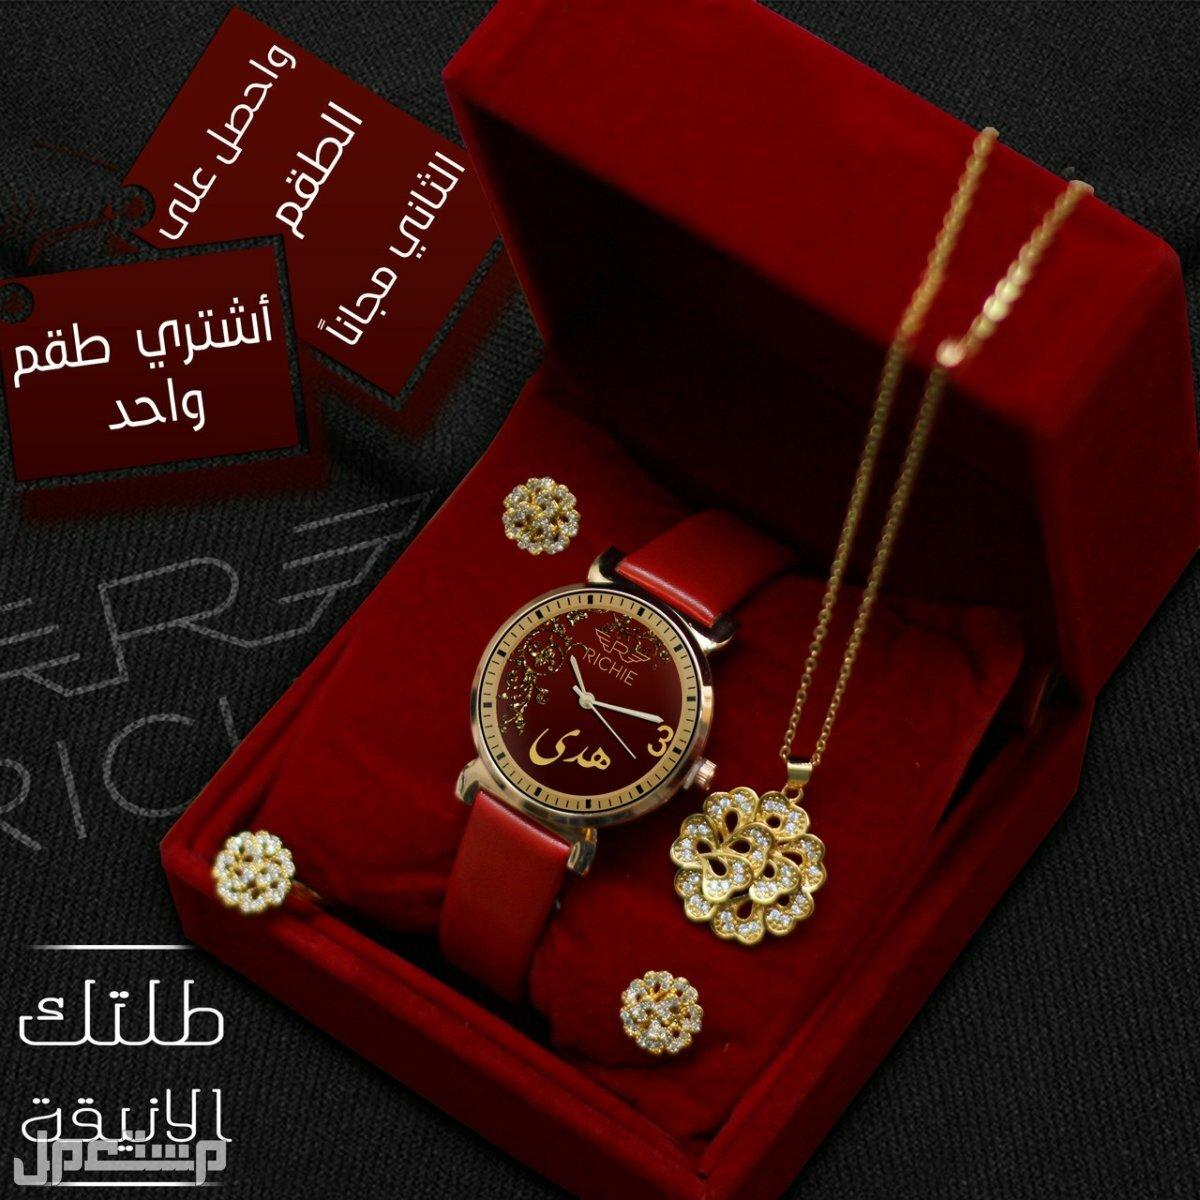 عرض خاص # اشتري طقم واحصل على الاخر مجانا
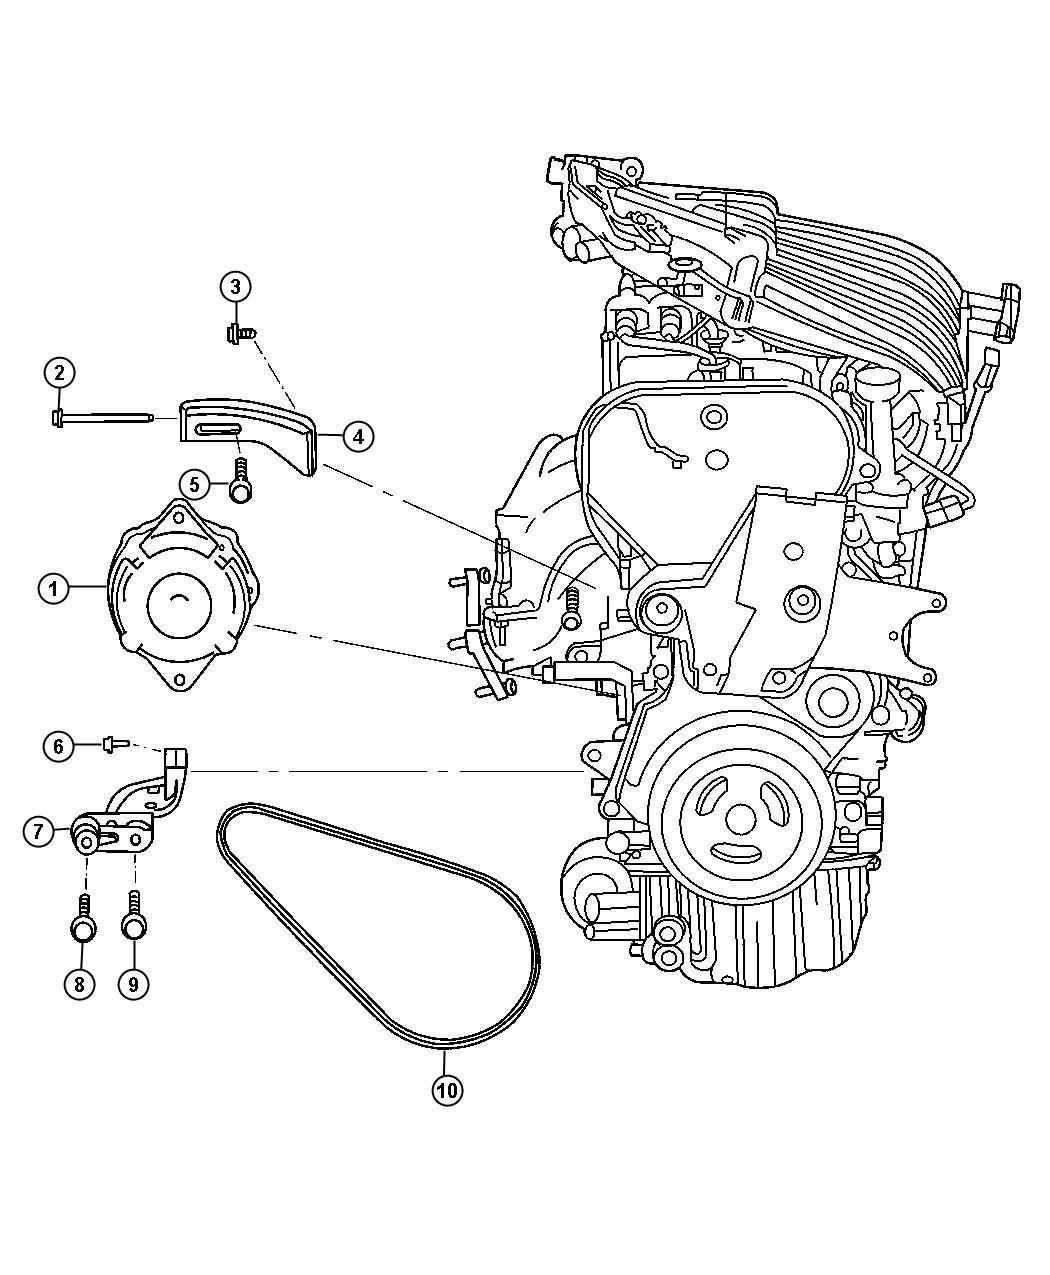 Dodge Ram 4500 6.7L Cummins Turbo Diesel, 6-Spd Auto AISIN
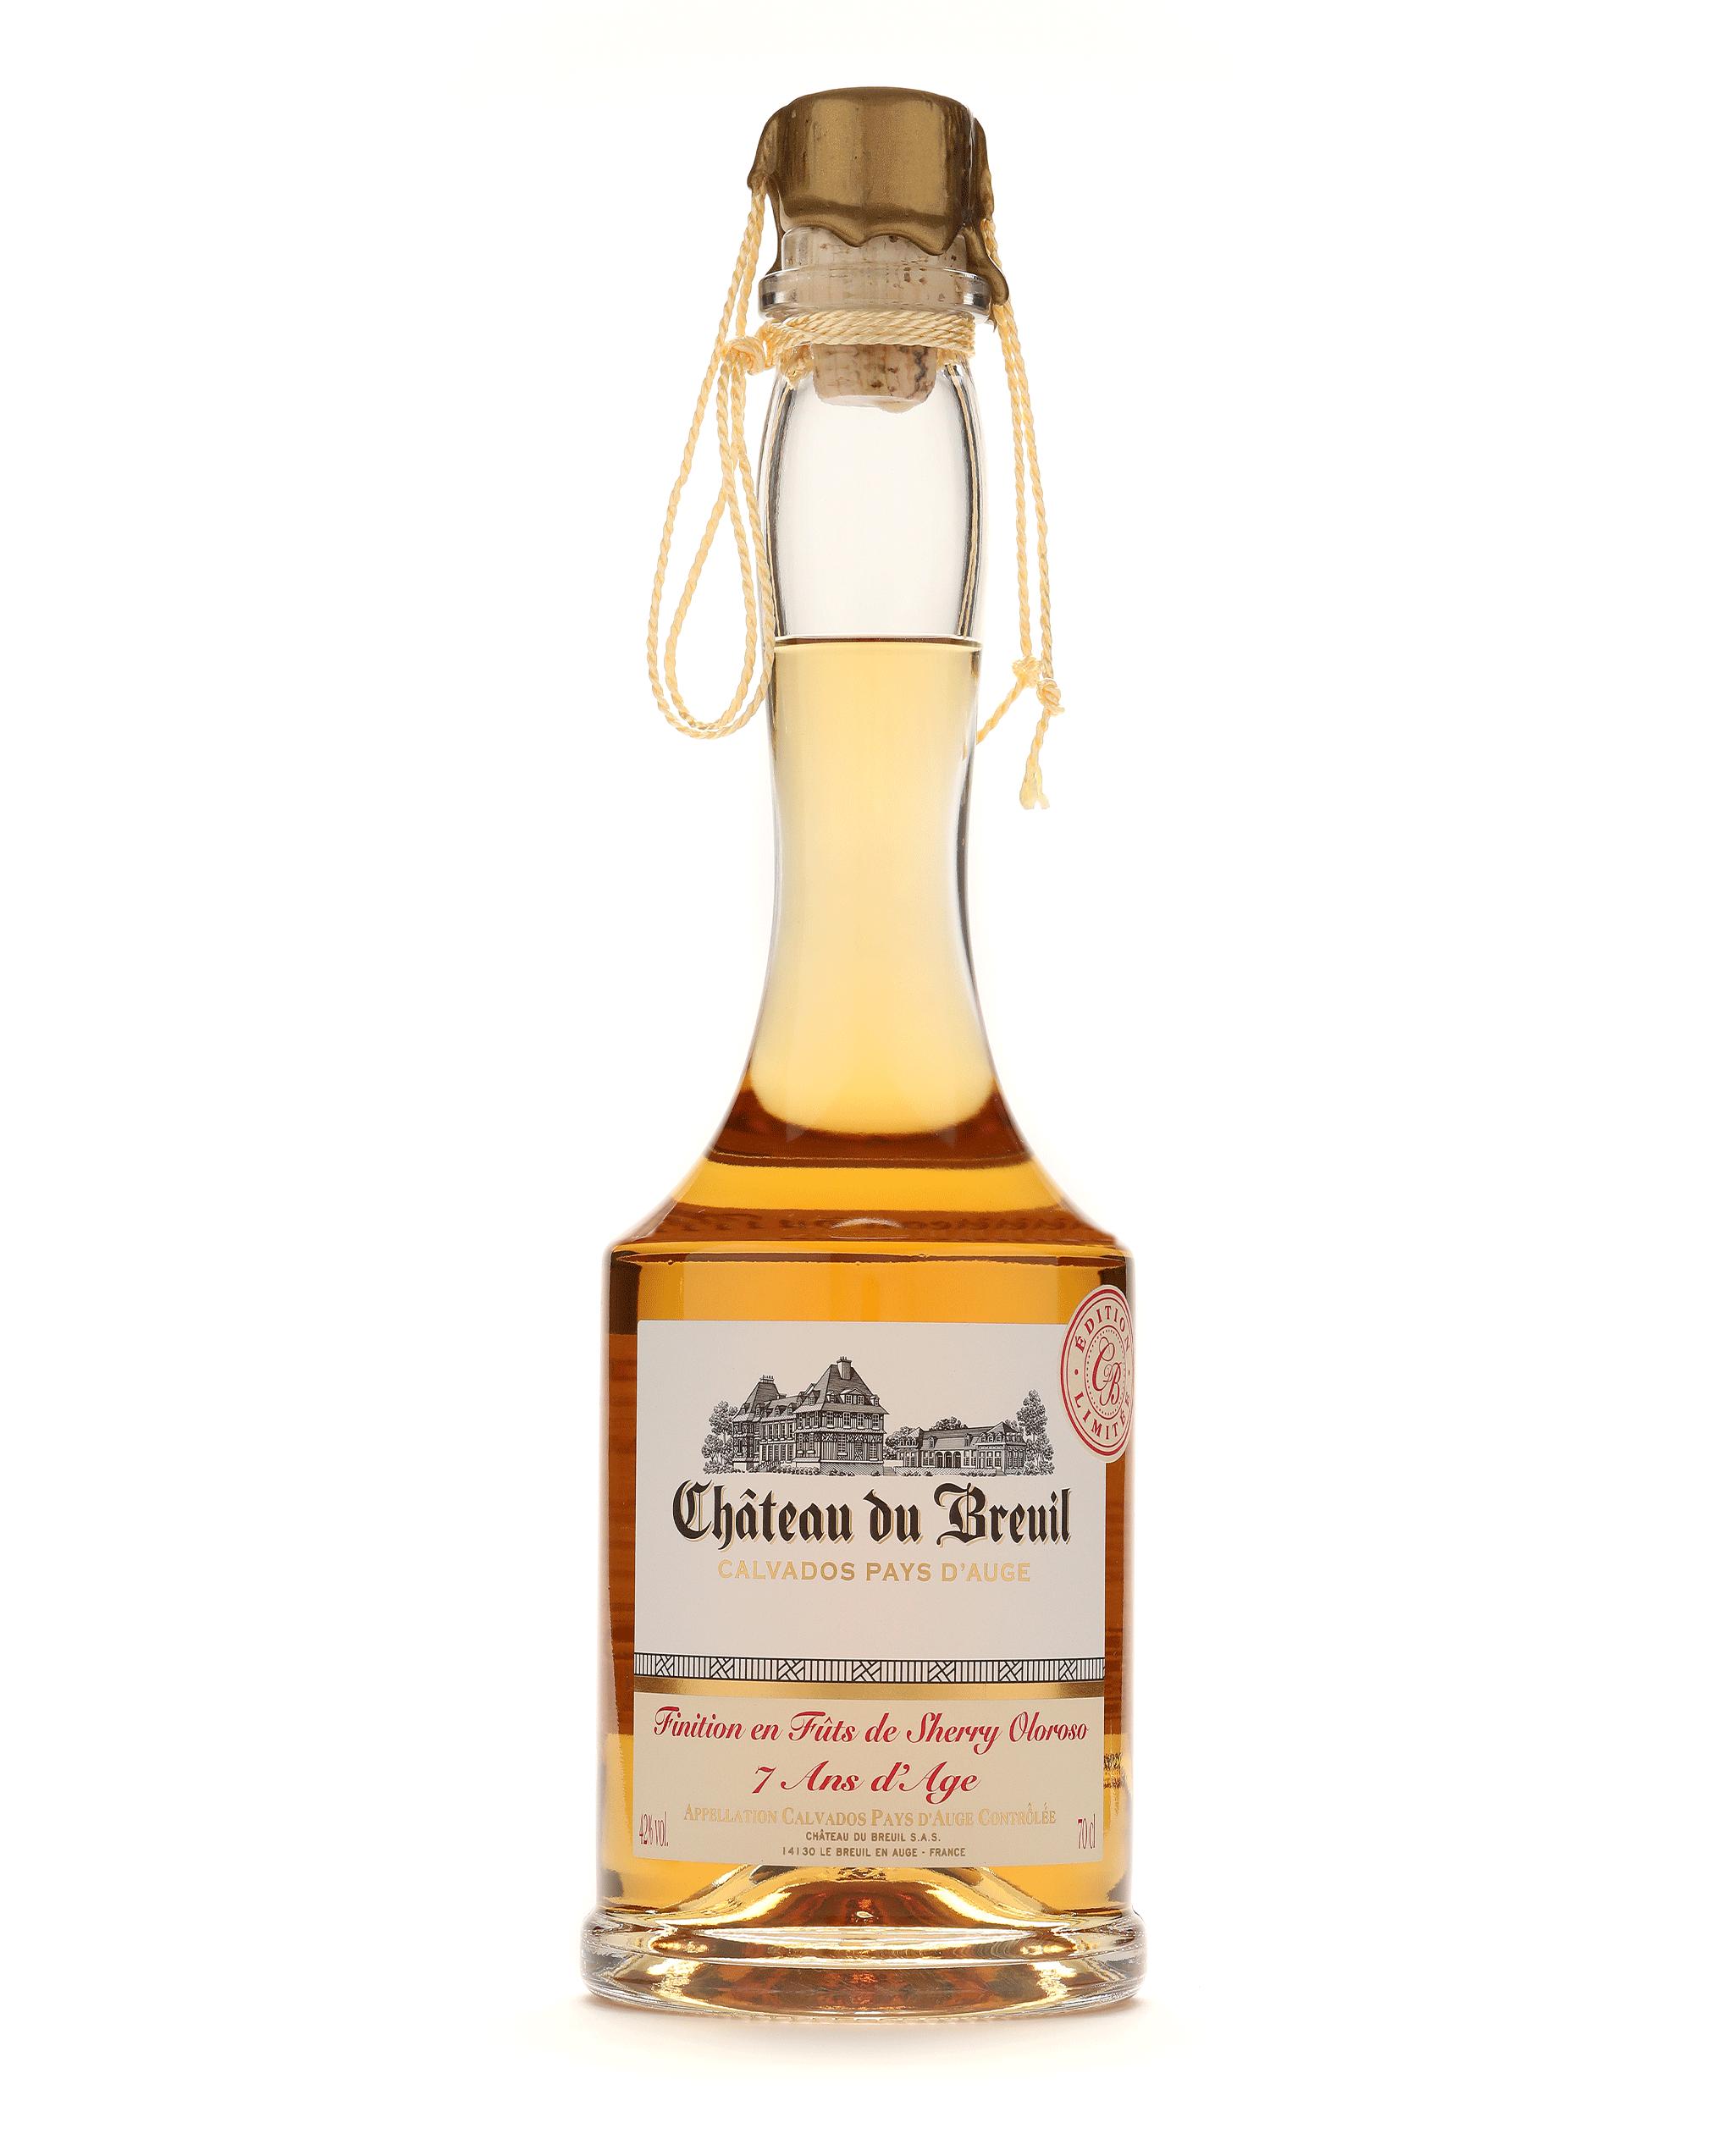 Bouteille fûts de sherry oloroso
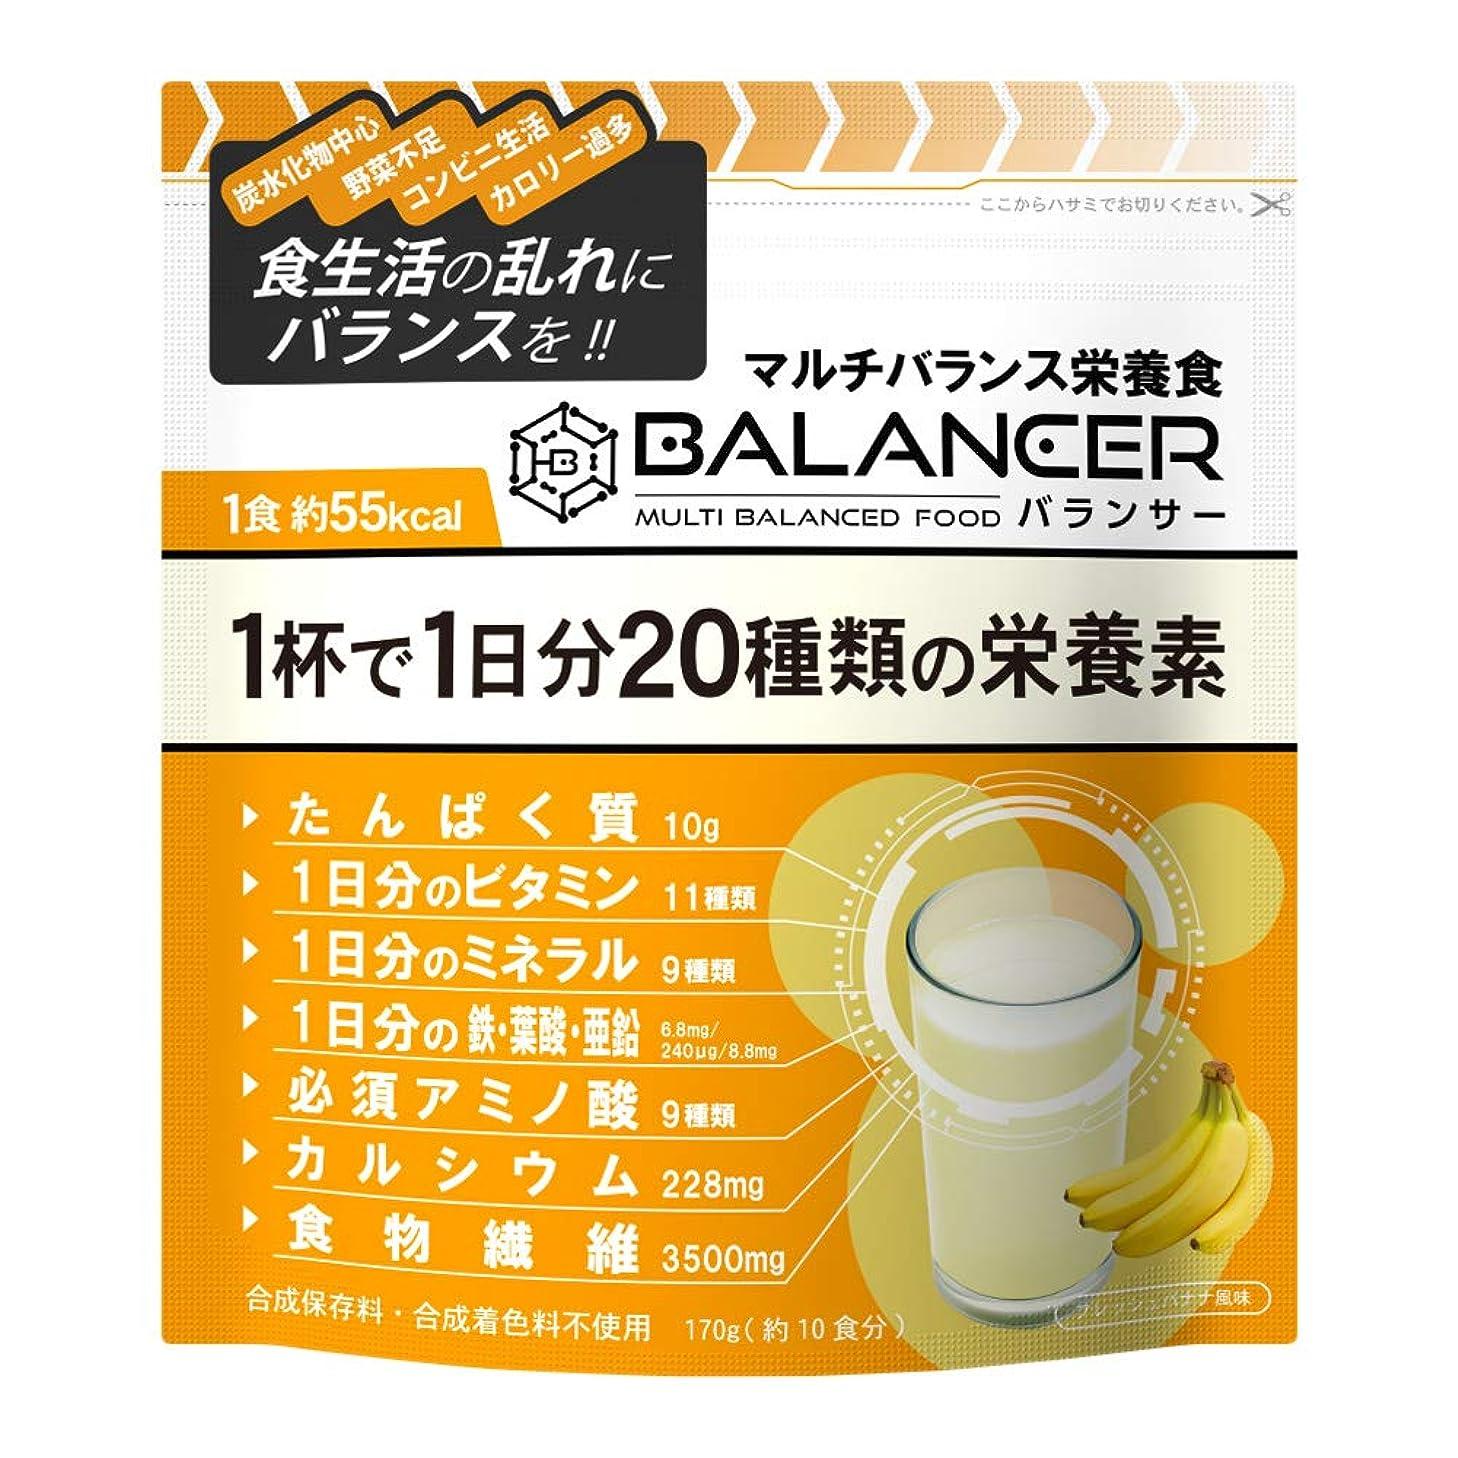 忌み嫌う生命体アジテーションバランサー 低糖質 高たんぱく 1杯で1日分20種類の栄養素 マルチバランス栄養食 フレッシュバナナ風味 170g

» **Task statement**
Word for word, reproduce each line from the one with "Bouteille fûts de sherry oloroso" through the last line of the material above, both included, and drop the pictures.

» **Exercise solution**
 Bouteille fûts de sherry oloroso
 忌み嫌う生命体アジテーションバランサー 低糖質 高たんぱく 1杯で1日分20種類の栄養素 マルチバランス栄養食 フレッシュバナナ風味 170g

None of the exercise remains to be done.